Stroke deaths decline in Europe—but improvement is needed

New research published in the European Heart Journal highlights how overall cerebrovascular disease deaths in Europe have declined. But that improvement has leveled off in some EU countries.

Cerebrovascular disease accounts for 9 percent of deaths in European men and 13 percent for European women.

"Over the last 35 years there have been large overall declines in deaths from cerebrovascular disease in the majority of European countries,” said lead author Nick Townsend, PhD, of the University of Bath in the United Kingdom, in a prepared statement issued by the European Society of Cardiology. “While these declines have continued in more than half of the countries, these have not been consistent across Europe and our analysis has revealed evidence of recent plateauing and even increases in stroke deaths in certain countries.”
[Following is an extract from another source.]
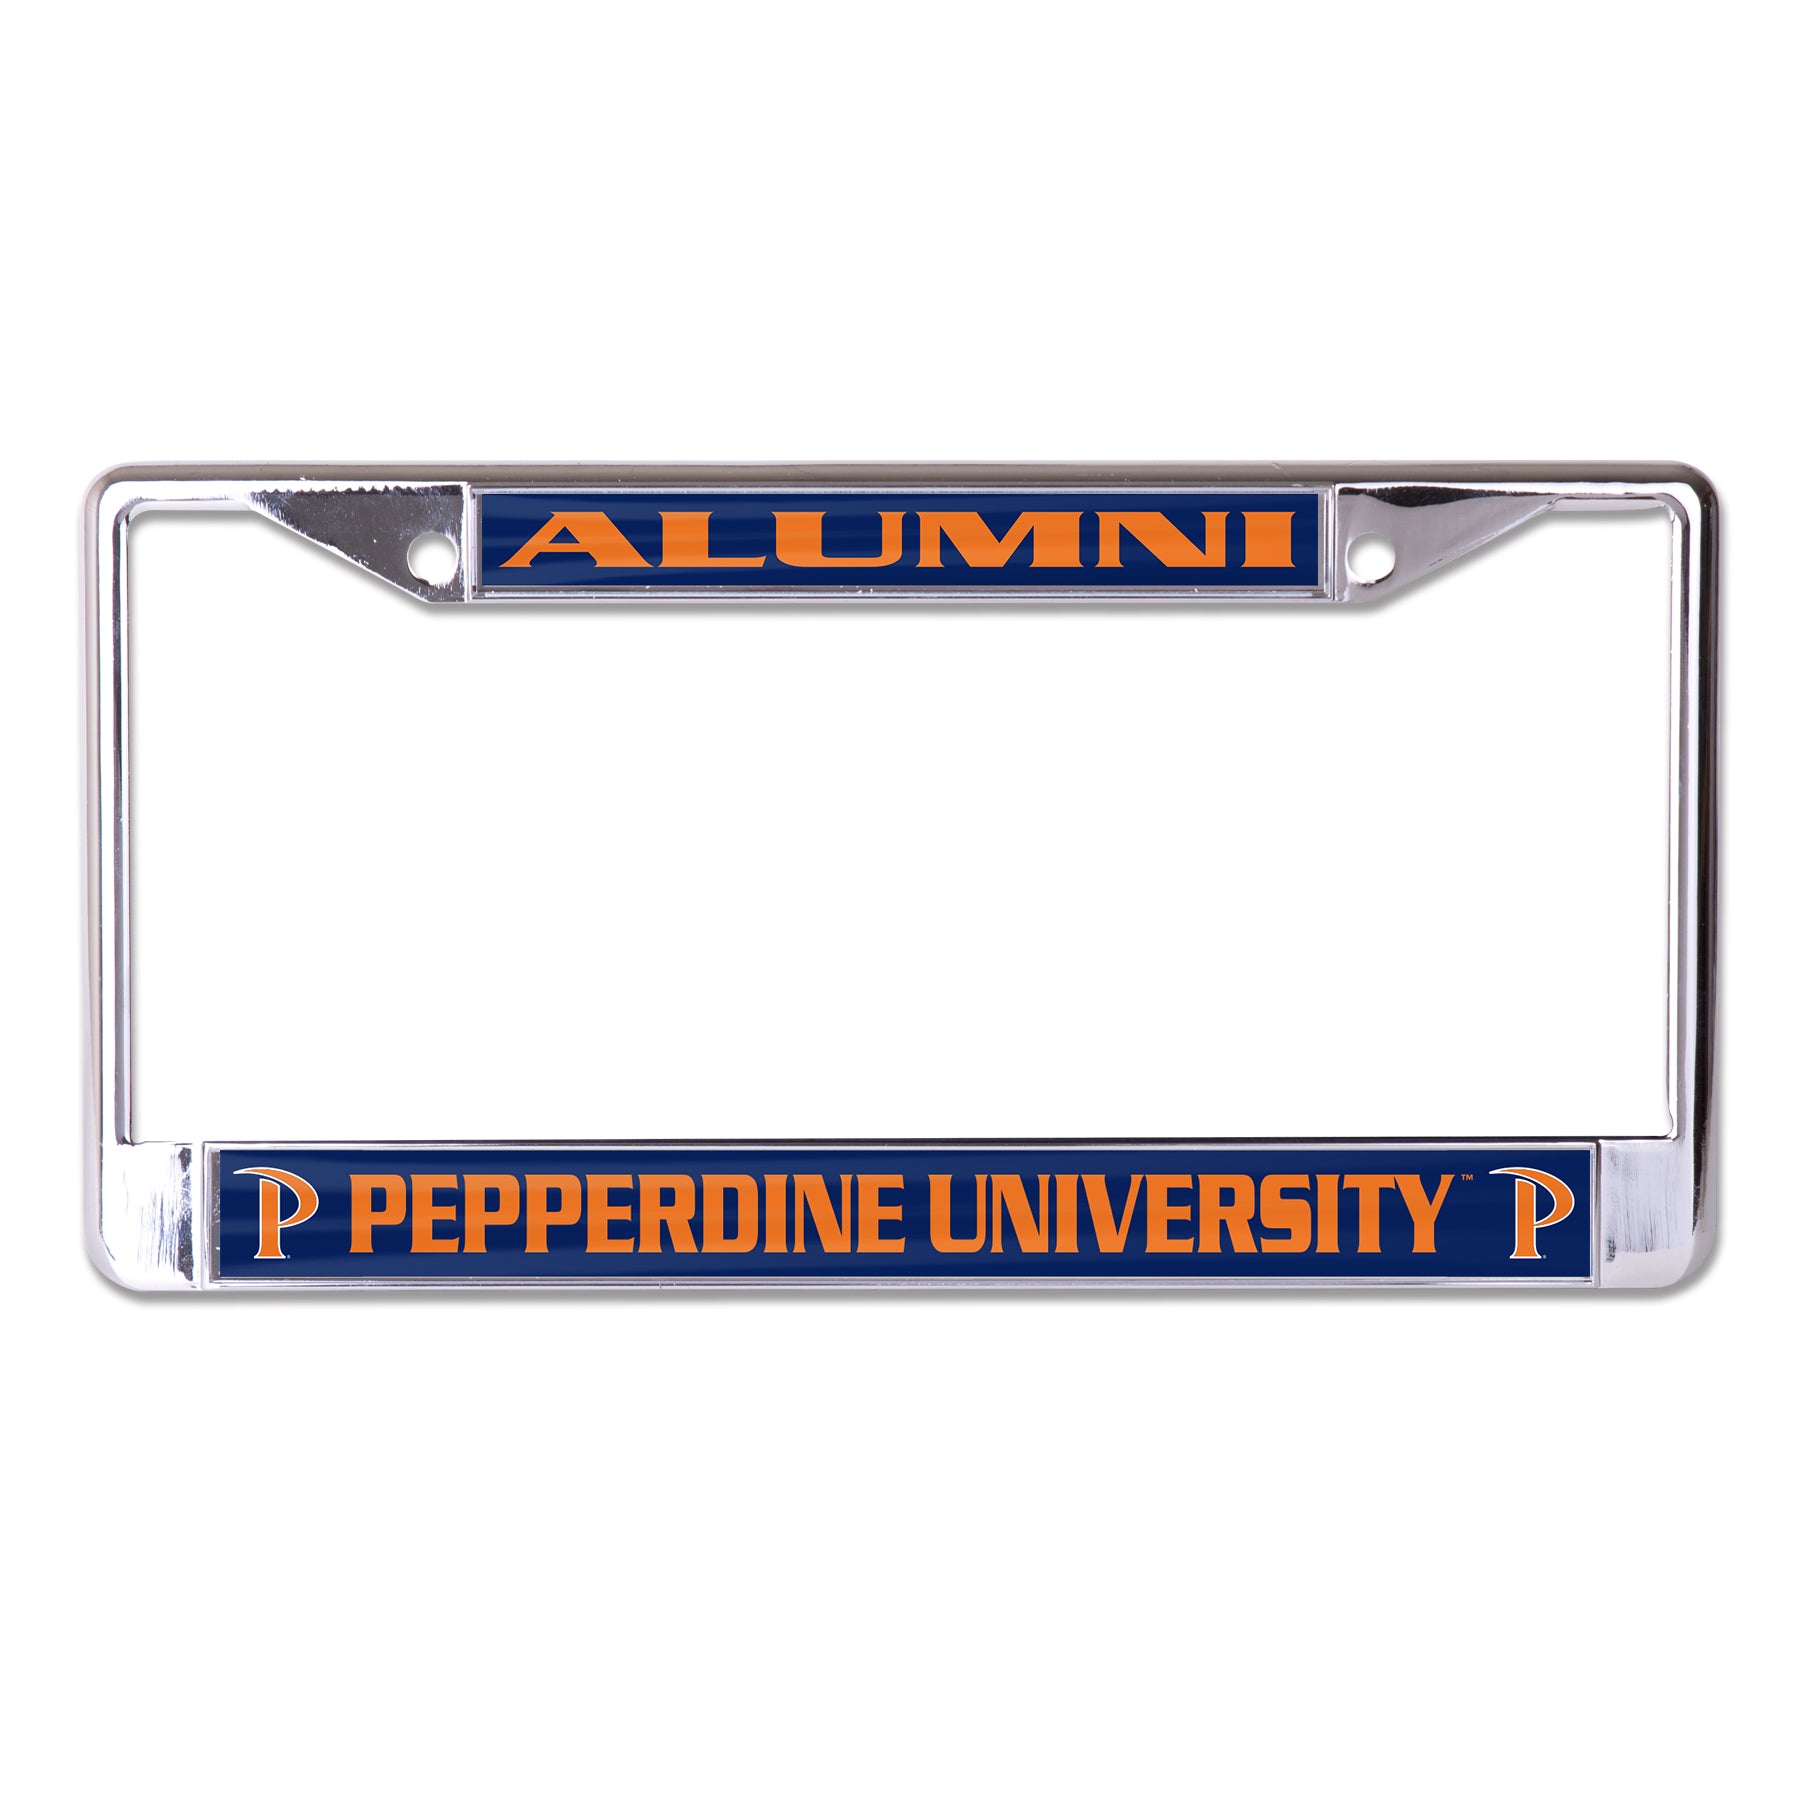 Pepperdine University Alumni Chrome License Plate Frame
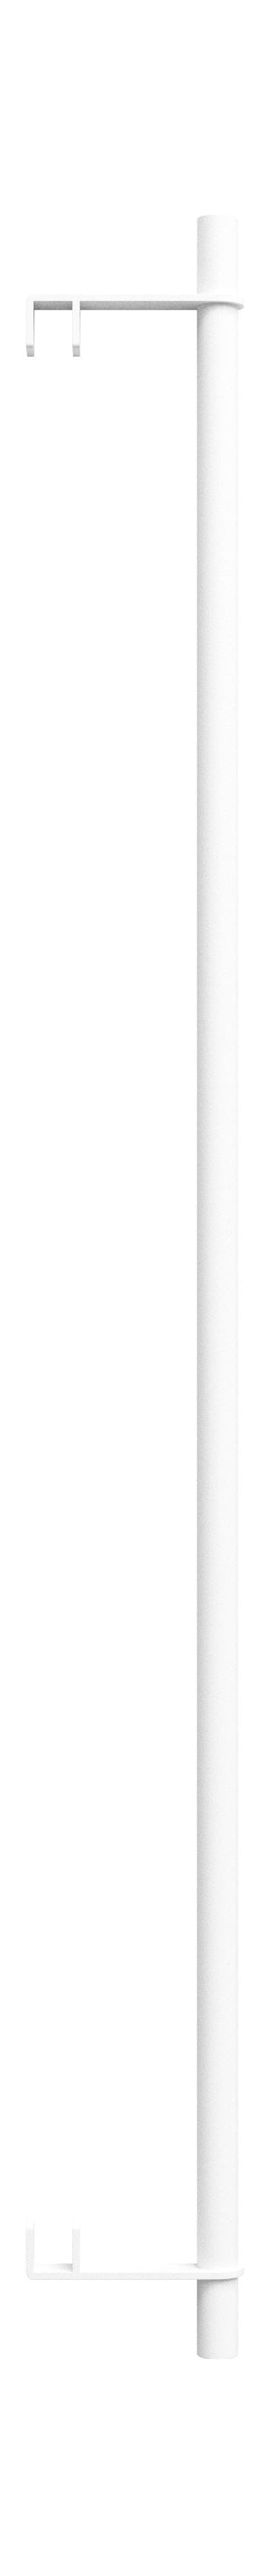 Moebe Hylder system/væg hylder tøjstang 85 cm, hvid

Townsend and colleagues utilized data from the World Health Organization (WHO) to assess mortality trends in three types of cerebrovascular disease—ischemic stroke, hemorrhagic stroke and sub-arachnoid hemorrhage between 1980 and 2016. Among the notable findings:

  • Overall, death rates from all three types of disease decreased in 33 countries.
  • The incidence of stroke death was higher in females in 50 of the 51 countries with available data. They were much lower in Western Europe than the rest of the continent.
  • More than one-third of countries showed a slowing of the decrease in death rates from stroke, no decrease or an increase in the most recent trend observed.
  • There was evidence of a recent plateau in mortality trends in seven countries for men and six countries for women, mostly in Western Europe.
  • Most countries with available data had significant decreases in age-standardized death rates from ischemic and hemorrhagic stroke.
  • Increases in ischemic stroke death rates were seen in eight countries for men and nine countries for women.
  • There were no increases seen for hemorrhagic stroke.
  • Increases in sub-arachnoid hemorrhage were seen in two countries for men and four countries for women.
  • Sub-arachnoid hemorrhage in women was the only type of stroke for which more countries exhibited a plateau or increasing trends than decreases in recent years.
  • A less pronounced decrease, no significant change or a significant increase in death rates from sub-arachnoid was found in 25 countries for women.

The researchers noted it was unlikely the overall decline in cerebrovascular disease could be attributed to one cause. However, they noted new pharmaceutical therapies, surgical techniques and prevention strategies most likely played a role in the decline.

They also added the increasing prevalence of obesity, diabetes and higher cholesterol levels in recent years may be possible contributors to plateaued or increasing death rates.

"Our findings highlight a need to counter inequalities by understanding local contexts in disease occurrence and treatment,” Townsend et al. concluded. “In particular, we need to encourage the implementation of evidence-based recommendations in the prevention and treatment of stroke in all countries. Many countries have been able to reduce the mortality burden from stroke in recent years. We must understand why this is not happening in all countries and identify barriers to the implementation of evidence-based recommended practice in countries that are slow to adopt them. In addition, we only studied between-country inequalities, but we must consider within-country inequalities as well if we are to have an impact on the disease."